The transformed program resembles polynomial arithmetic.

## Numerical Stability

High-order Taylor coefficients can become unstable.

Common problems include:

| Problem | Cause |
|---|---|
| coefficient explosion | factorial growth |
| cancellation | alternating signs |
| truncation instability | insufficient order |
| floating point amplification | repeated convolutions |
| stiff dynamics | rapidly varying derivatives |

Scaling and normalization techniques are often required.

## Practical Uses

Taylor mode appears in:

| Domain | Usage |
|---|---|
| celestial mechanics | high-order integration |
| validated numerics | rigorous bounds |
| dynamical systems | local flow expansion |
| chaos analysis | sensitivity growth |
| PDE solvers | local expansions |
| perturbation methods | asymptotic analysis |
| scientific computing | repeated directional derivatives |

It is less common in large neural network training because reverse-mode gradients dominate that workload.

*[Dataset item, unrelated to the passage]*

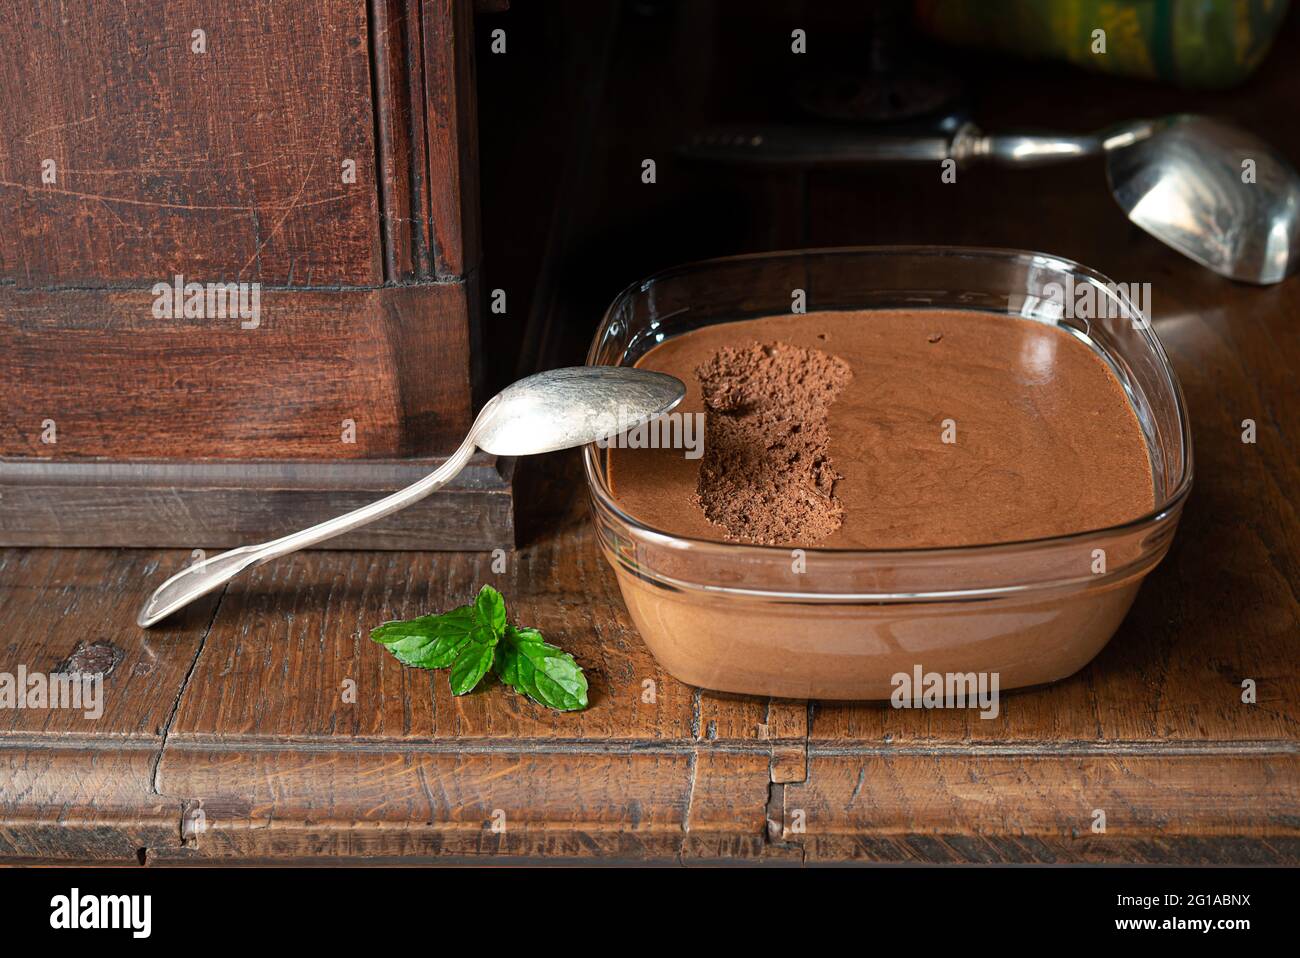 Ciotola trasparente con mousse al cioccolato francese tradizionale su una vecchia sponda in legno Foto Stock

## Conceptual Interpretation

Forward mode propagates tangent vectors.

Taylor mode propagates local polynomial geometry.

Instead of asking:

$$
\text{How does the function change infinitesimally?}
$$

Taylor mode asks:

$$
\text{What local power series does the function induce?}
$$

The program becomes a transformation over truncated polynomial algebras rather than over ordinary scalar values.